Prior to the Protestant Reformation, it was common in England and the British Isles for people to give food and alms to the poor on All Souls’ Day with the assumption that the food was recompense for praying for the dead. In the 17th century John Aubrey1)John Aubrey. Remaines of Gentilisme and Judaisme. 1686–87. Ed. James Britten. London: The Folklore Society, 1880. 23.  describes piles of small cakes set out on All Souls’ in Shropshire houses; visitors to the house would take a soul cake with the understanding that they would pray for the souls of the departed family members. The idea is that the prayers assist the departed souls in purgatory to move on to Heaven. Aubrey offers two lines of a lyric he describes as “an old Rhythm or saying”:

A Soule-cake, a Soule-cake,
Have mercy on all Christen soules for a Soule-cake.

Aubrey’s reference is to a traditional lyric performed by “mummers,” people going house to house and singing on November 2, the Feast of All Souls, the Commemoration of all the Faithful Departed, or in Latin commemoratio omnium fidelium Defunctorum, in hopes that the mistress of the house would reward them with a soul cake. The soul cake, as suggested by Aubrey’s reference, is a small round cake that was typically made with oats as well as flour, and seasoned with spices and dried fruits. The mummers or singers would be rewarded for praying with the soul cakes. The cakes and the custom of distributing them to visitors date back to the Middle Ages in England. The practice of going house to house and singing is called “souling” and is frequently cited as an analogue if not an ancestor of modern day Halloween trick or treat. Souling seems to have been a fairly localized custom until the 19th century, primarily associated with Shropshire, north Staffordshire, Cheshire, and Lancashire.

There are genuine medieval recipes for soul cakes but they’re generally not very tasty. Like many medieval desserts, historic soul cake recipes tend to be over indulgent with respect to spices for modern tastes.

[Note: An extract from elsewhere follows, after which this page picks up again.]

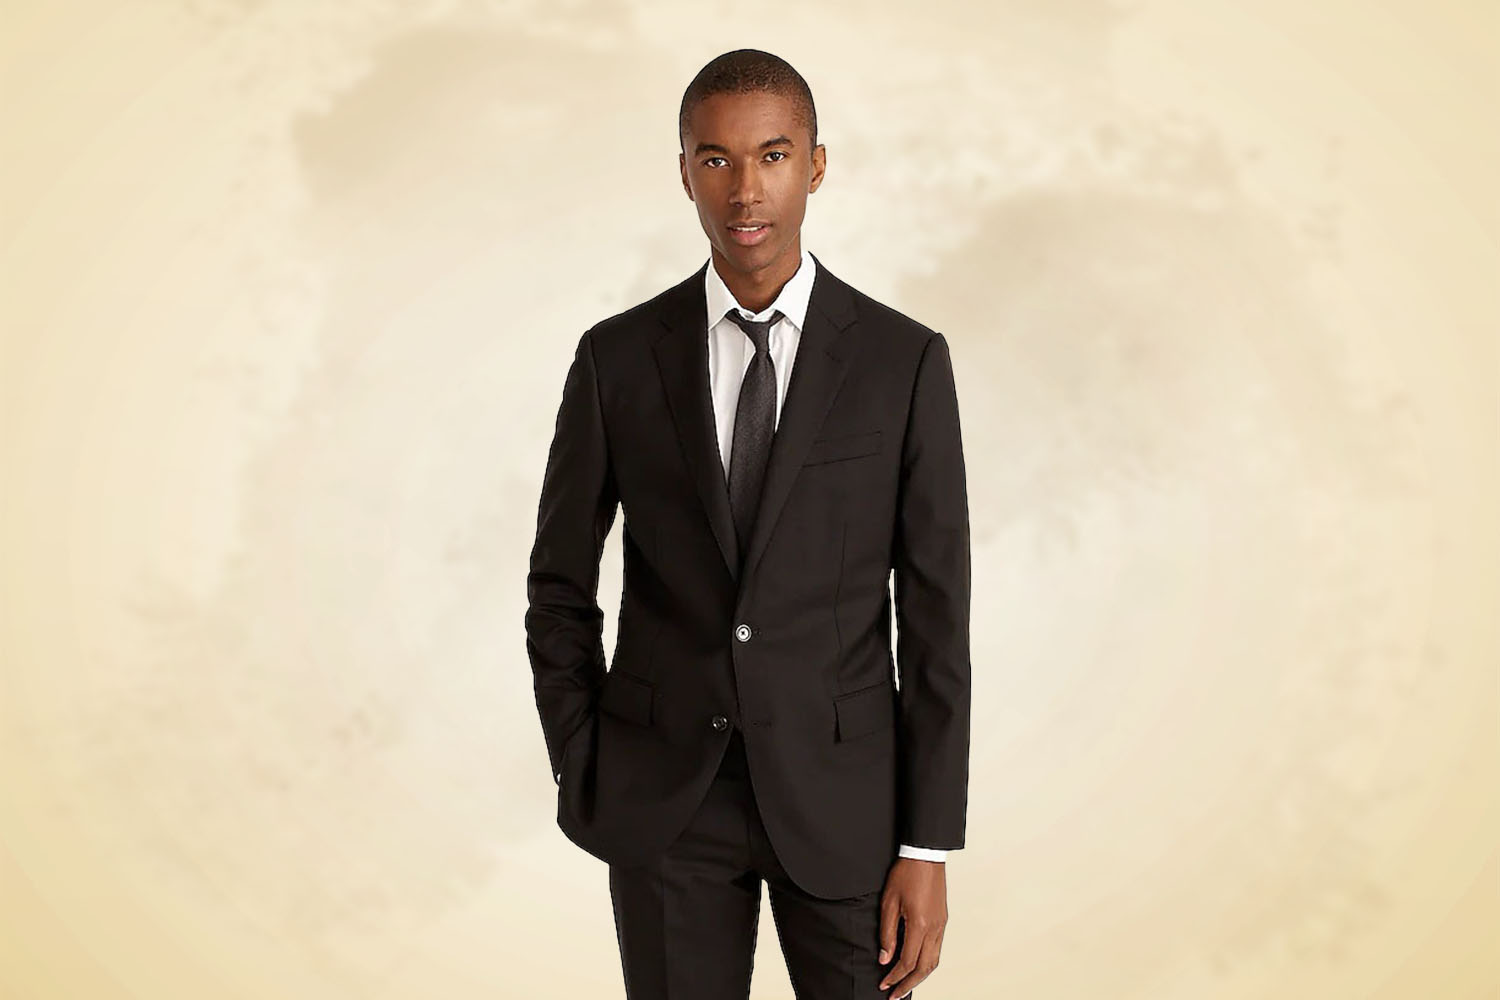 A man posing in a suit.
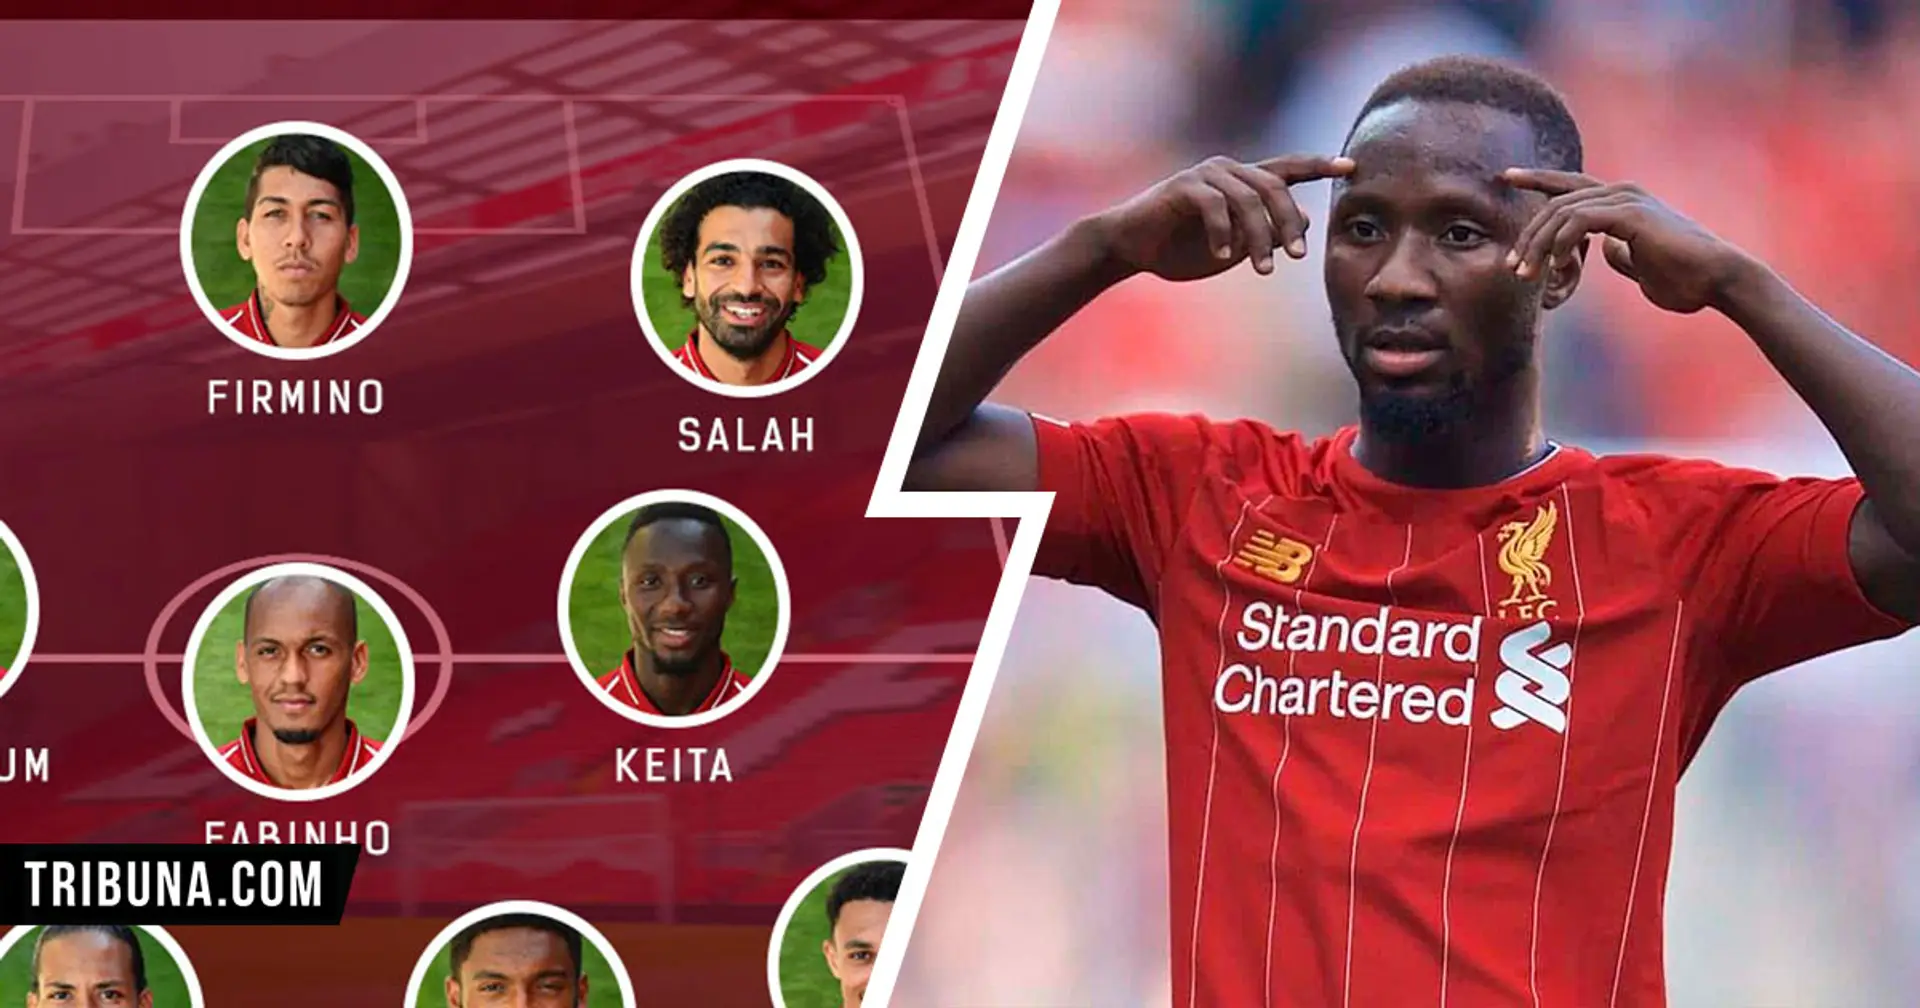 Another start for Keita?: Liverpool's probable XI vs Burnley

Later recipes, especially those from the 18th century, are much more like a modern slightly spicy scone with dried fruit.

Here is a modernized version of a recipe from the English recipe compilation referred to as Elinor Fettiplace’s Receipt Book. The original recipe from 1604 is as follows:

Take flower & sugar & nutmeg & cloves & mace & sweet butter & sack & a little ale barme, beat your spice, & put in your butter & your sack, cold, then work it well all together, & make it in little cakes, & so bake them, if you will you may put in some saffron into them and fruit.

There’s a modern version of the recipe here that was featured on The Food Network.

These days the song is better known than the custom of souling. Here’s Sting on the David Letterman Show, singing the Soul Cake song, with the traditional melody, and some lovely but not quite so ancient additional lyrics. The song is from Sting’s If On a Winter’s Night album of seasonal music for Winter.

References   [ + ]

1. John Aubrey. Remaines of Gentilisme and Judaisme. 1686–87. Ed. James Britten. London: The Folklore Society, 1880. 23.